FriendsOfCake/cakephp-csvview

Export field values with html and special signs (like in product descriptions) cause problems

Closed this issue · 10 comments

Hey josegonzalez,

I tried your plugin out and its very good, thank you for that! I get a problem with the created csv when field values/ content have html and special signs included like ',' or ';' (for example in Product Description).

Do you have and idea for Fixing?

What are the problems?

When you have a $value['0'] which contains \t or \r the csv file break, in my case there are product html descriptions created with a wysiwyg editor and between

or other html element tags exists \r, this cause a problem.
Now we dont handle cases like these in the Plugin

How would you handle it?

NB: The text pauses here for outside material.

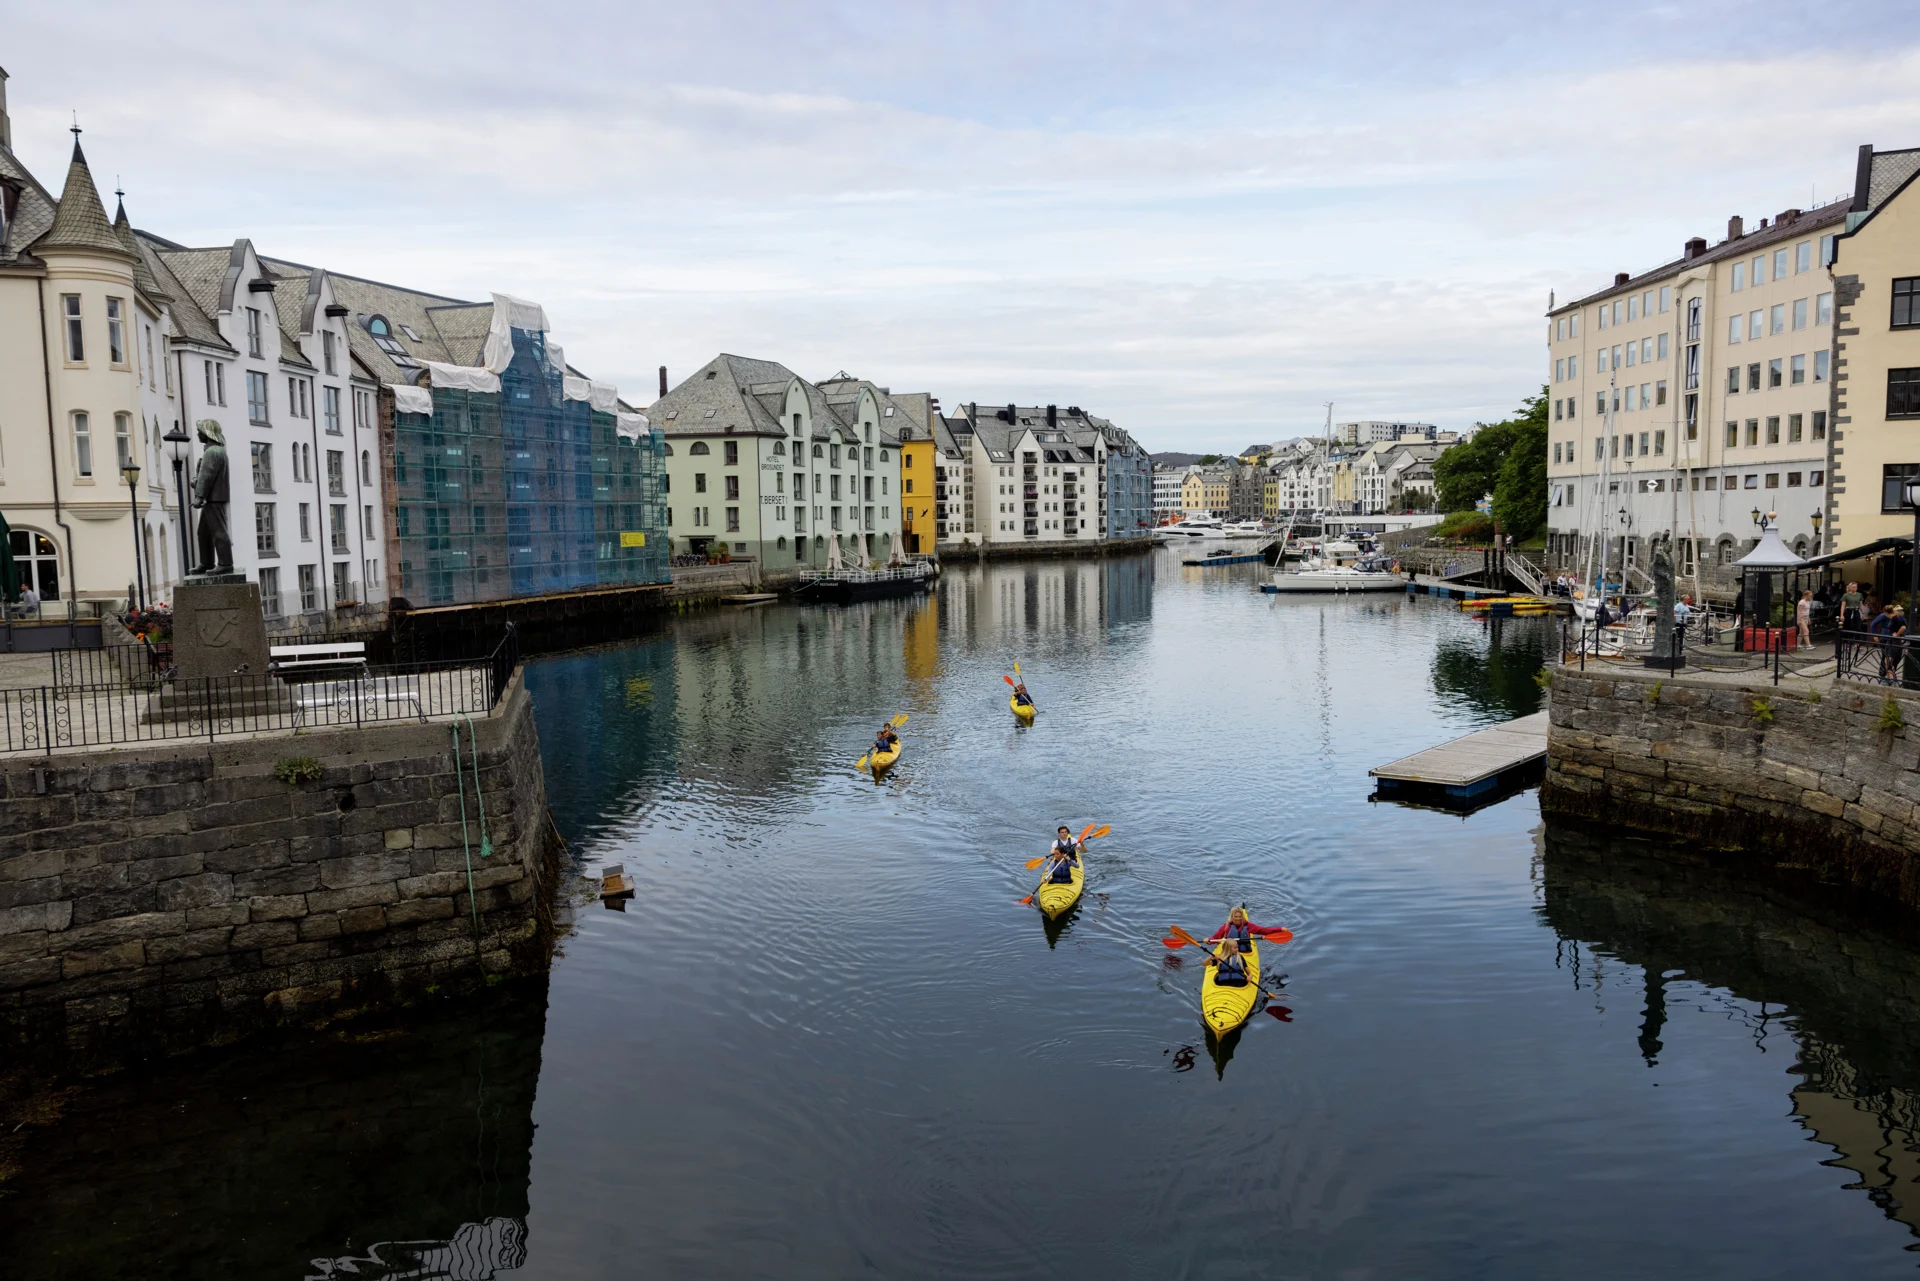 A group of kayakers exploring the canals in Alesund
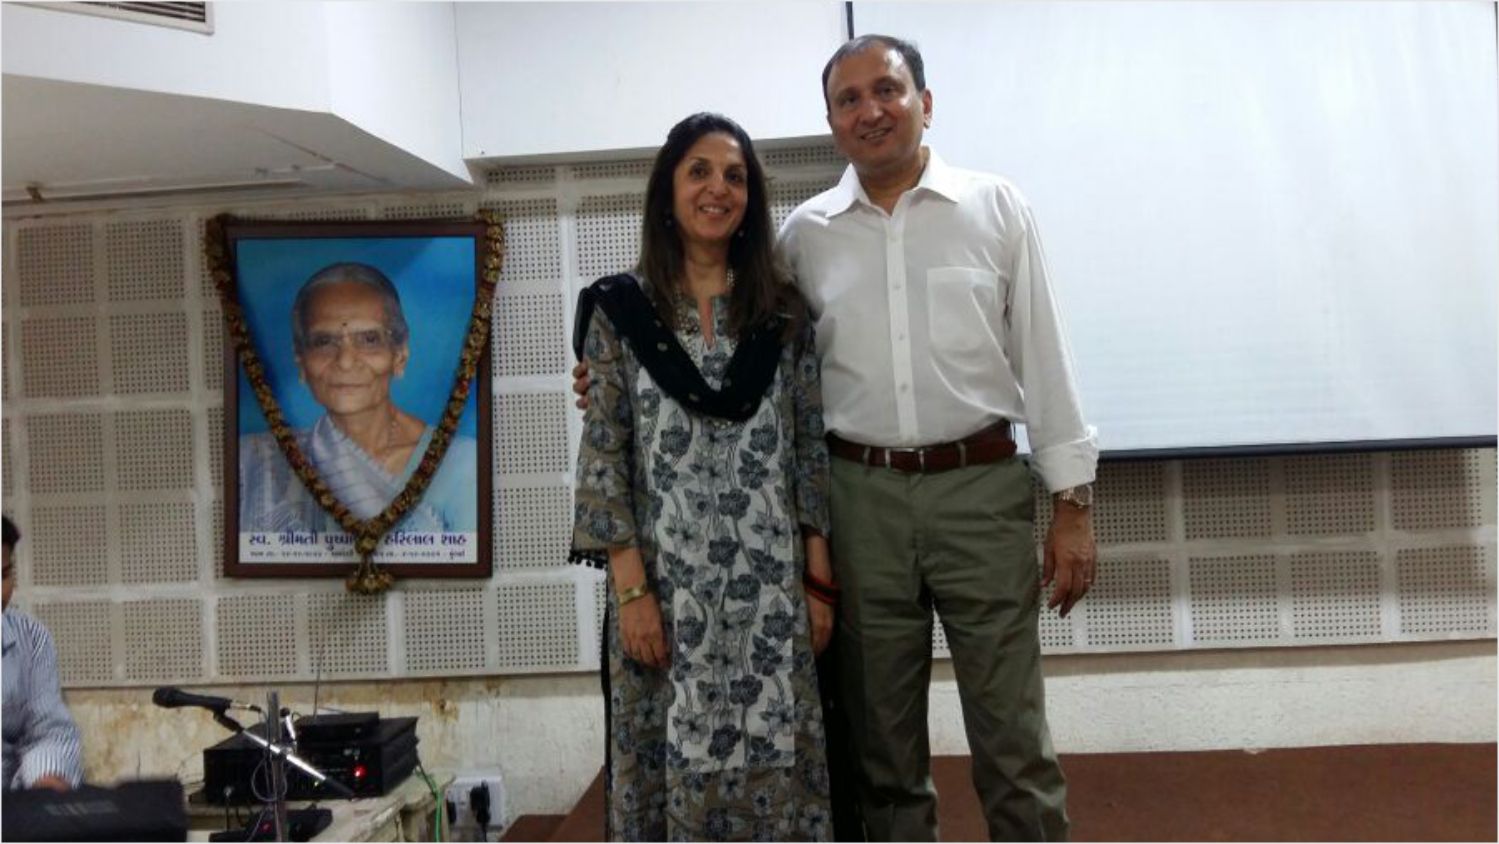  Dr. Sunil Anand and Mrs. Alka Anand (Co-Founders Ananda Wellness)

How would this be handled in a csv?

On Mon, Oct 14, 2013 at 10:43 AM, Lukas Marks notifications@github.comwrote:

When you have a $value['0'] which contains \t or \r the csv file break, in
my case there are product html descriptions created with a wysiwyg editor
and between
or other html element tags exists \r, this cause a problem.
Now we dont handle cases like these in the Plugin


Reply to this email directly or view it on GitHubhttps://github.com//issues/17#issuecomment-26259909
.

As far as I know (and from tests with OpenOffice and other tools that export csv), all you need to do is to wrap non alphanumeric content in "" (or any other sane delimiter). Then parsing tools should be able to handle those newlines and other problematic chars as normal context and shouldn't interpret it.

So how would you recommend we modify csvview? I am using the php csv built-ins, so maybe my defaults are incorrect?

In fact all my exported values use '"' as enclosure, even those who brake, I see the issue more in the whitespace and return handling, sure we can trim everythin away but the \t \r is a real problem when somebody else use it and cant handle the problem pragmatically, like we do

Well, he is right, the current functionality is broken with newline characters (\n or \r\n) and seems to be limitation of fputcsv() directly.

The following test proofs this:

/**
 * CsvViewTest::testRenderWithSpecialCharacters()
 *
 * @return void
 */
public function testRenderWithSpecialCharacters() {
    App::build(array(
        'View' => realpath(dirname(__FILE__) . DS . '..' . DS . '..' . DS . 'test_app' . DS . 'View' . DS) . DS,
    ));
    $Request = new CakeRequest();
    $Response = new CakeResponse();
    $Controller = new Controller($Request, $Response);
    $Controller->name = $Controller->viewPath = 'Posts';

    $data = array(
        array(
            'User' => array(
                'username' => 'José'
            ),
            'Item' => array(
                'type' => 'äöü',
            )
        ),
        array(
            'User' => array(
                'username' => 'Including,Comma'
            ),
            'Item' => array(
                'name' => 'Containing"char',
                'type' => 'Containing\'char'
            )
        ),
        array(
            'User' => array(
                'username' => 'Some Space'
            ),
            'Item' => array(
                'name' => "A\nNewline",
                'type' => "A\tTab"
            )
        )
    );
    $_extract = array('User.username', 'Item.name', 'Item.type');
    $Controller->set(array('user' => $data, '_extract' => $_extract));
    $Controller->set(array('_serialize' => 'user'));
    $View = new CsvView($Controller);
    $output = $View->render(false);

    $expected = <<<CSV
José,NULL,äöü
"Including,Comma","Containing""char",Containing'char
"Some Space","A\\nNewline","A\tTab"

CSV;
    $this->assertTextEquals($expected, $output);
    $this->assertSame('text/csv', $Response->type());
}

Everything is fine except for the newline element (truncates the rest).
I only got it to work with the following modification:

    $row = str_replace("\n", '\n', $row); // Convert all newlines to a string representation of it
    ...
    if (fputcsv($fp, $row, $delimiter, $enclosure) === false) {
        return false;
    }

Note: Ideas from here

Thnx Mark, I fixed it the same way and use a custom array() for all the specl chars who cause problems and replace them with a non-char "", but that can't be a cakeish solution

It's not about cakeish or not when the PHP function itself cannot handle it properly :)

Someone want to make a pr for this? Preferably in such a way that the replacements are configurable.